Both museums announced the day of free admission on Twitter in similar terms: The MFA said, "The MFA will be free today. We hope the Museum will be a place of respite for our community." The ICA said, "ICA admission is free for all visitors today. We hope the museum will offer a place of community & reflection." They hashtagged their announcement, "#WeAreBoston."

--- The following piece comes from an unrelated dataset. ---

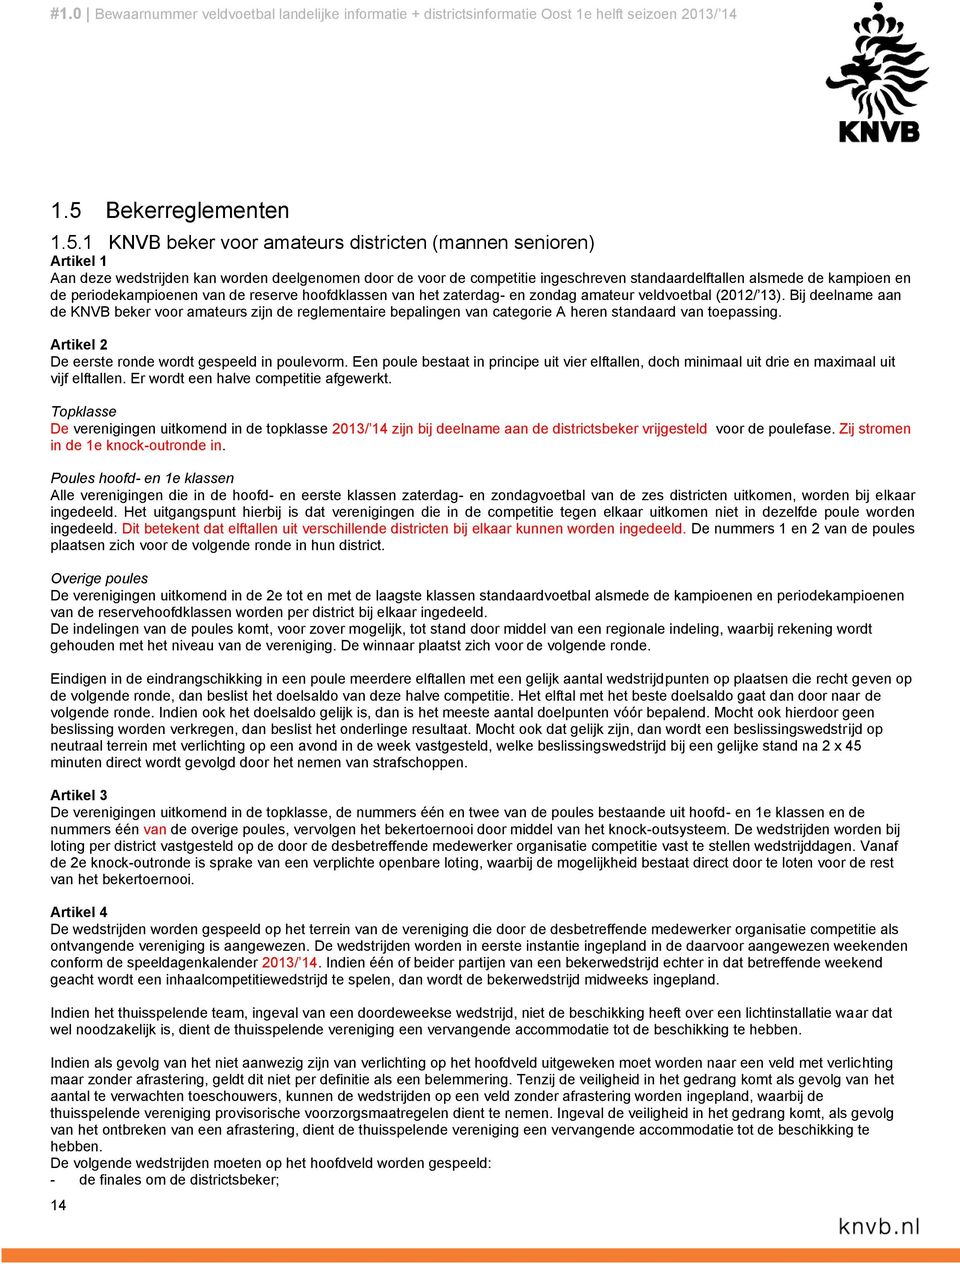 Bij deelname aan de KNVB beker voor amateurs zijn de reglementaire bepalingen van categorie A heren standaard van toepassing. Artikel 2 De eerste ronde wordt gespeeld in poulevorm.

The decision is reminiscent of one made by some New York museums after the attacks of Sept. 11, 2001. Back then, NPR's Susan Stamberg reflected on the issue of art as a source of comfort after she visited the Phillips Collection in Washington, where the arrival of some of the elements for an exhibition of French paintings had been delayed by the airport restrictions in place at the time. While not all the planned works were there, Stamberg had this to say:

What is on display is a cornucopia of 19th-century beauty — and, yes, comfort. Paintings from museums and collectors in Paris, Orleans, Amsterdam, Boston, St. Louis, Denver — so many places. Paintings by the French masters — bruised pears and an exuberance of flowers by Courbet, two white Manet peonies in close-up that swirl like satin ballgowns. Van Gogh is there: Tahitian oranges that look as if Gauguin painted them with sunset; and moonlight colors some Cezanne apples. Simple objects we all know — plums, onions, a paring knife, shoes — celebrated in oil paint by artists who were making revolution with their quick brush strokes. Seeing them now is a reminder of the ordinary things that make up and pleasure our lives — and, through art, last.